To increase overall safety and security, Gallagher said the board hired more security in last month’s meeting.

“We recently signed contracts with four new security firms,” Gallagher said.

Prior, they had only worked with one firm, he said.

“If something is happening on our trains, we would really like to know about it,” Gallagher said.

Drug use on the light rail is against the code of conduct law in Washington state.

That is why Sound Transit is cracking down on unlawful behavior, like drug use on the light rail. Here's how it works: a passenger complains by texting or calling Sound Transit's emergency number at (206) 398-5268. Then, "security personnel should meet the train at the next stop,” Gallagher said.

At that point, the guards will ask them to leave and violators could face a misdemeanor charge for breaking the code of conduct.

KING 5 spoke with light rail passengers Tuesday to hear their thoughts on the matter.

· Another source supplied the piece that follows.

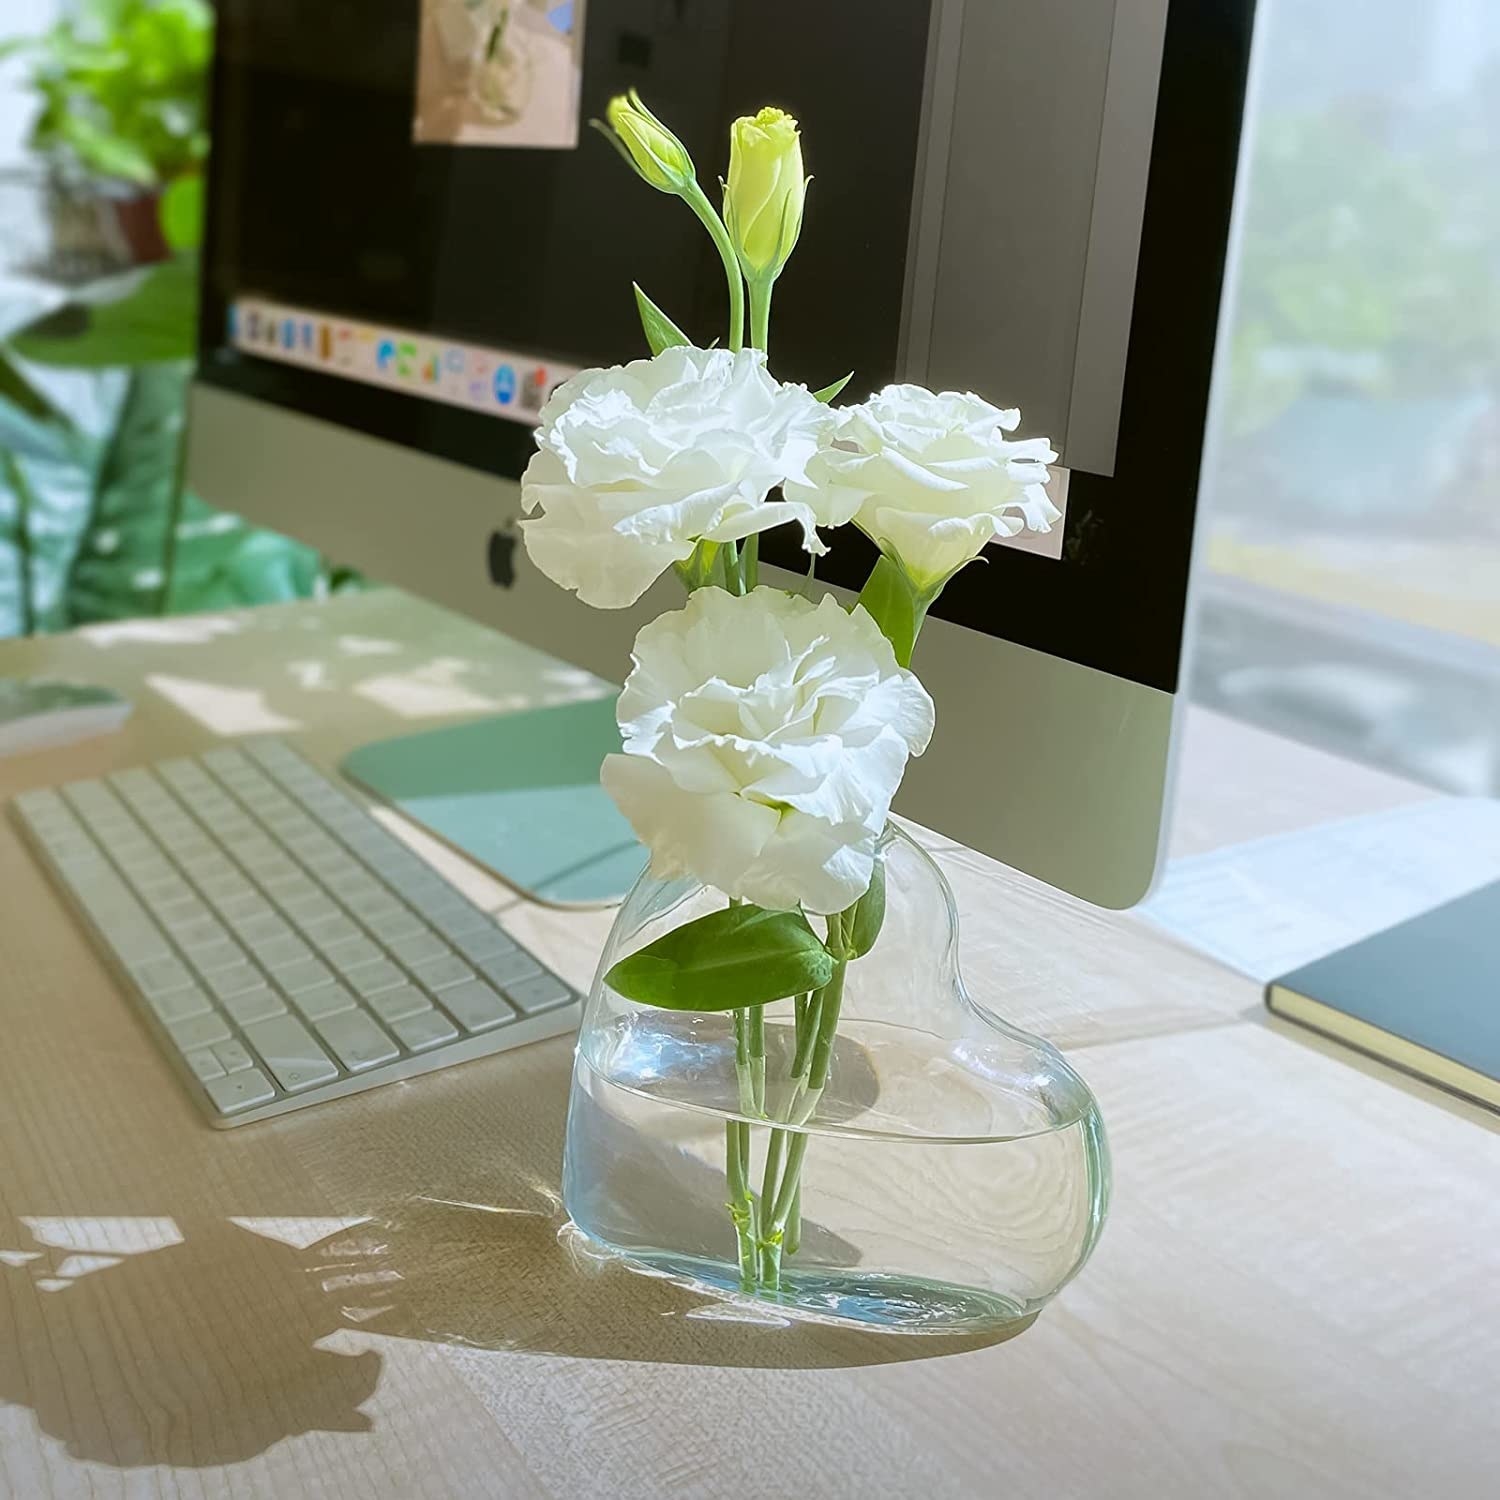 A bouquet in a vase on a desk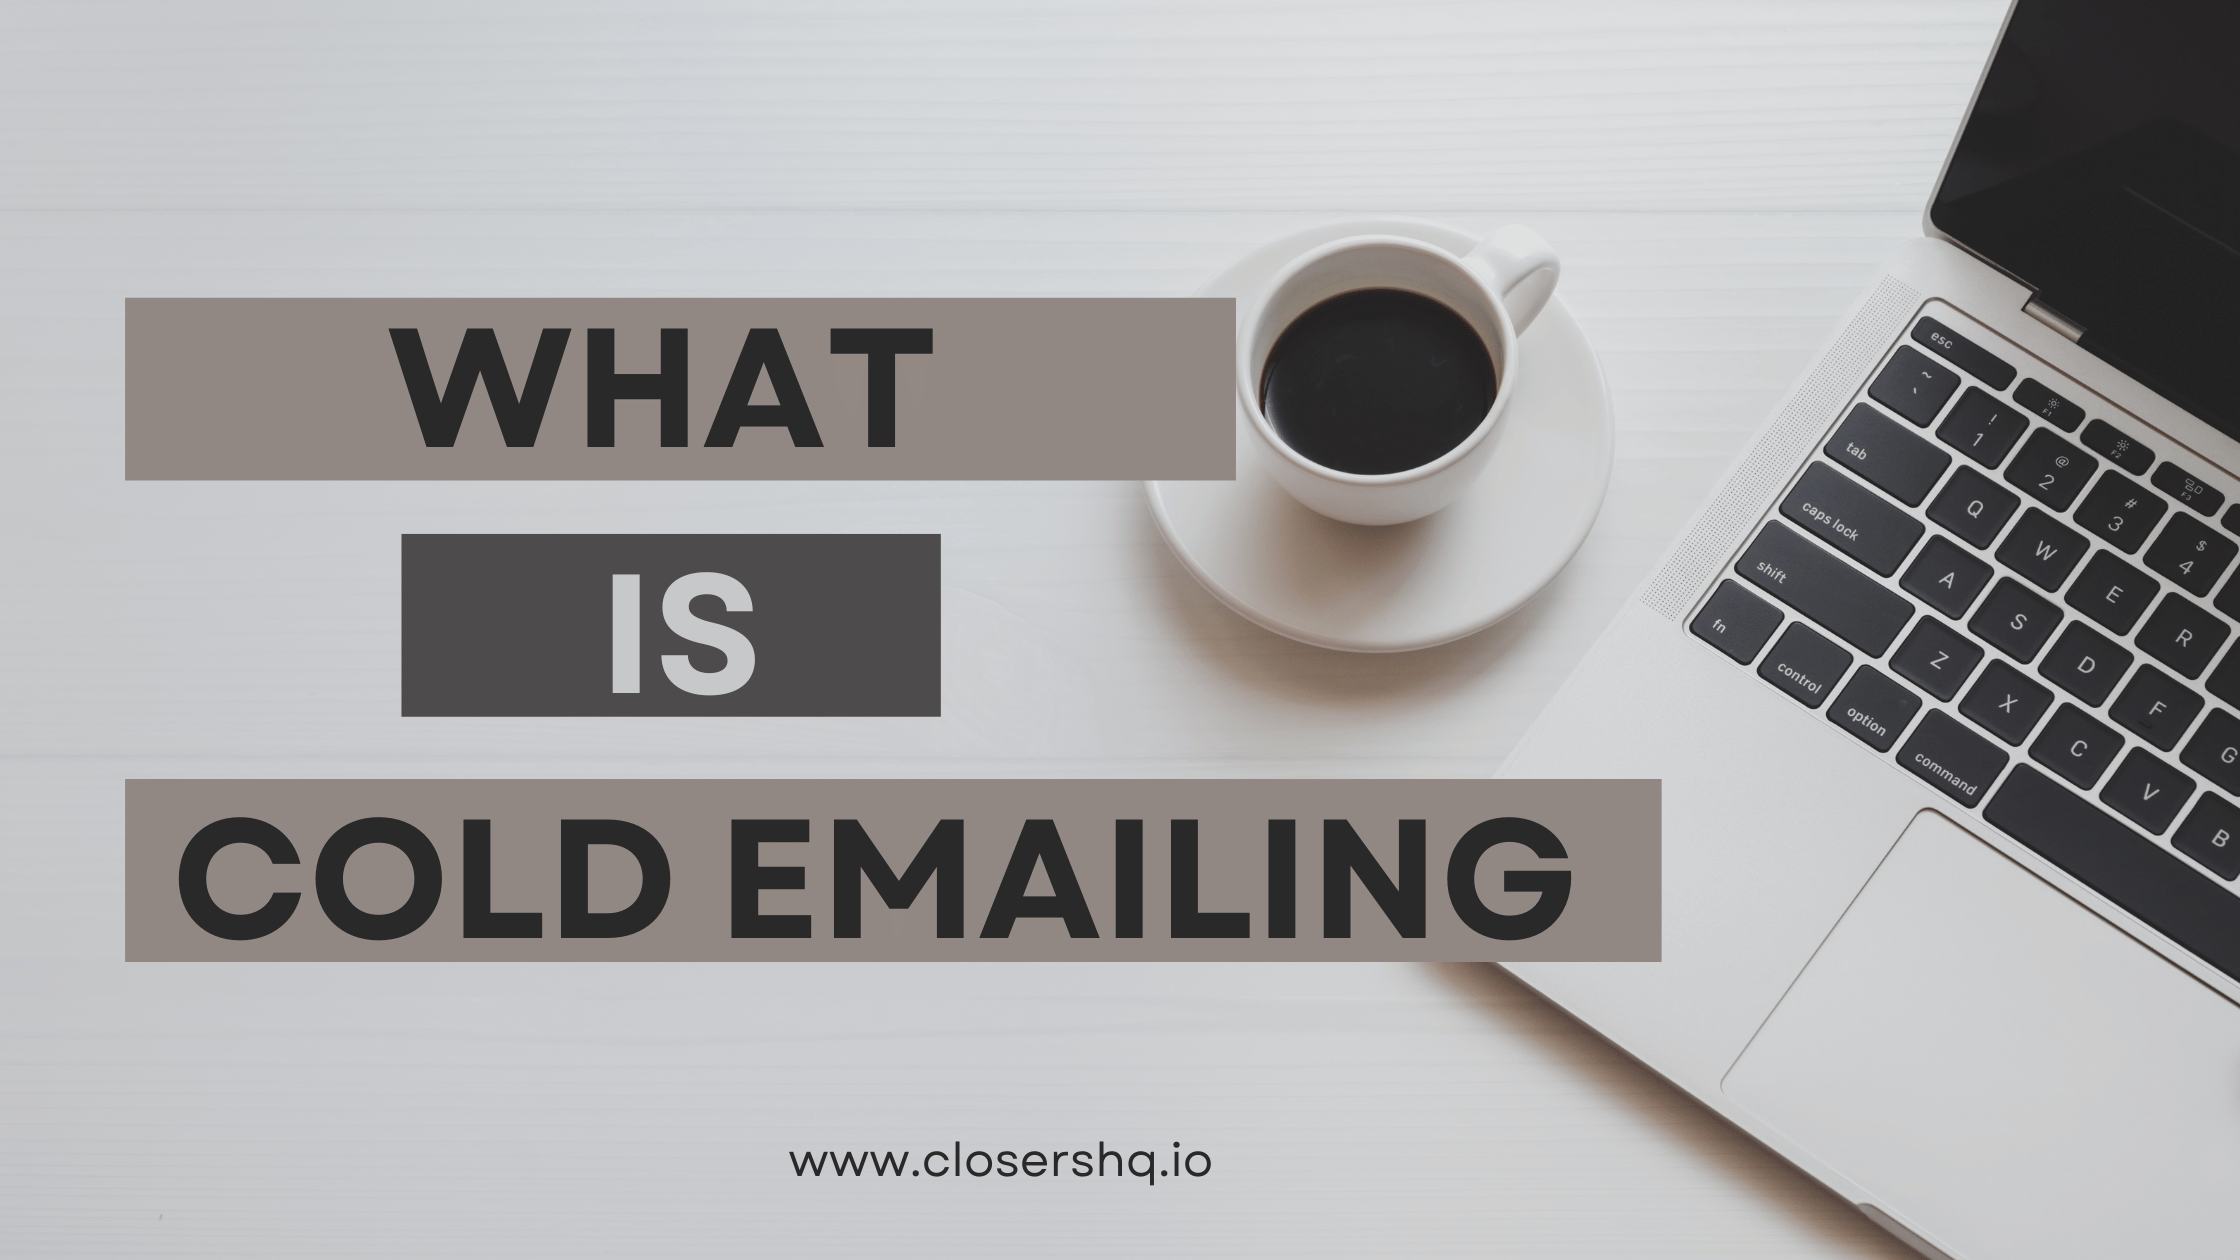 What is Cold Emailing?

When it comes to security guards, one passenger said he believes less is more.

“I don’t like security," said Cat, a rail passenger who preferred not to share his last name. "Makes me feel uneasy."

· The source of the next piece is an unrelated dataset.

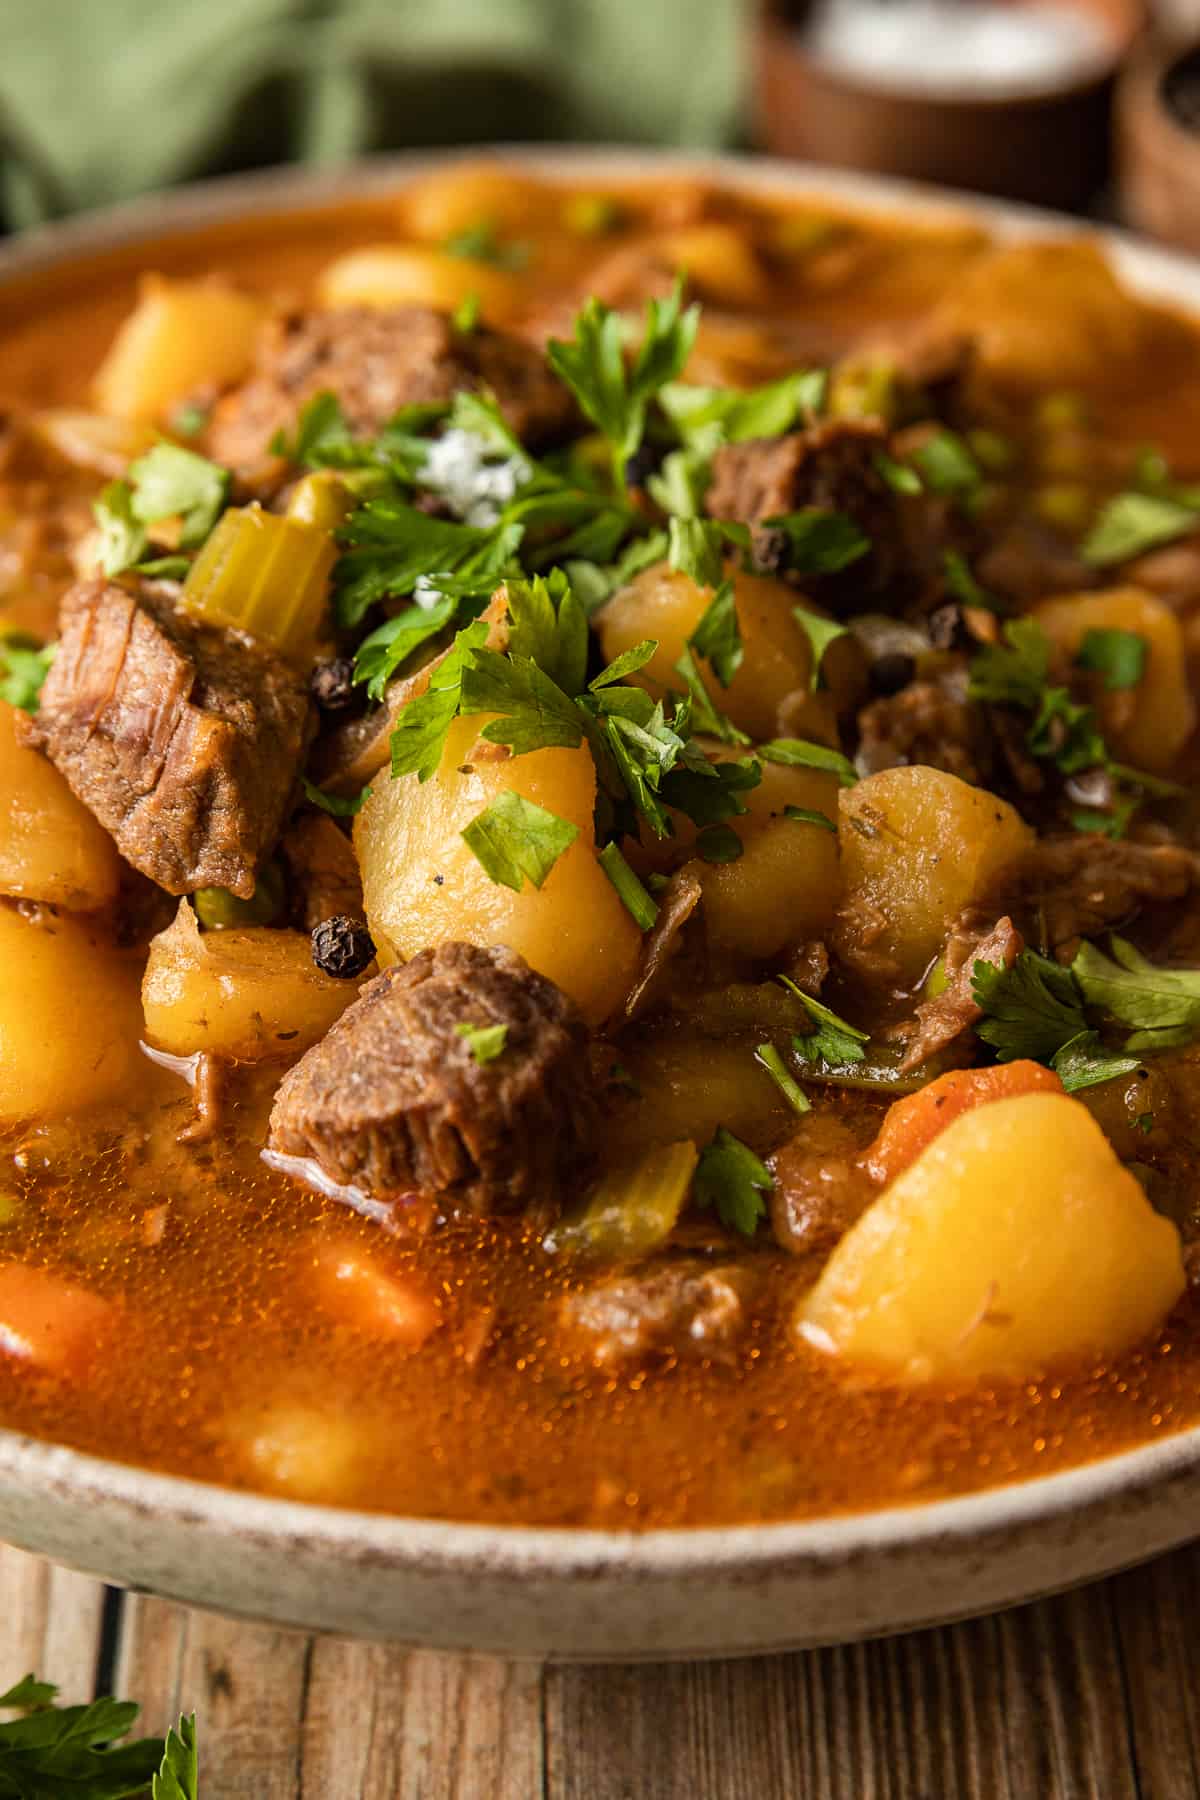 A close up view of beef stew with chuck roast and potatoes in a serving bowl topped with parsley.

Another passenger, military veteran Mike Anderson, said he feels the money would be better spent to combat drug use by securing stations to only those who pay, or creating “fare barriers,” in his words.

"Every day, I get off the light rail at Capitol Hill station, get off the elevator at the Cal Anderson side, and I'm one of like six people that tap,” Anderson said.

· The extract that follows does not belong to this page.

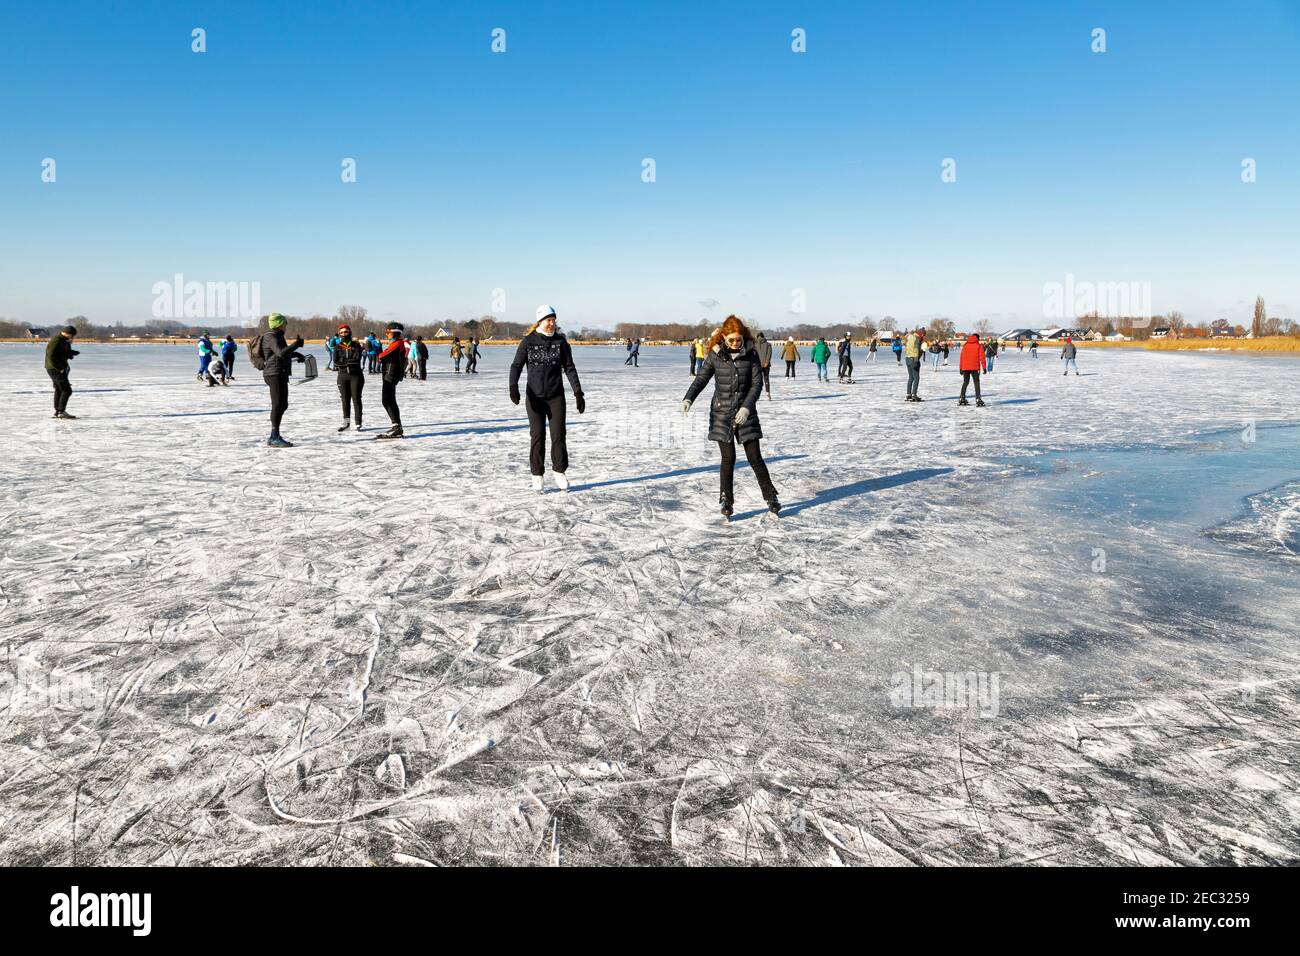 Ice skating on Vogelplas Starrevaart, a lake in a polder at Leidschendam, in South Holland. the Netherlands Stock Photo

But another passenger said she welcomes the idea of more security guards.

“I have heard a lot on the news about, you know, like fentanyl use on like the trains and people passing out," Joelle said. "You know, I've seen that and I feel like it's really unsafe. That’s, like, not something you want to see when you're going on the Link at all.”

The bus system is actively hiring more security guards, too. King County Metro confirmed Tuesday they currently have 85 security personnel and hope to reach a total of 140.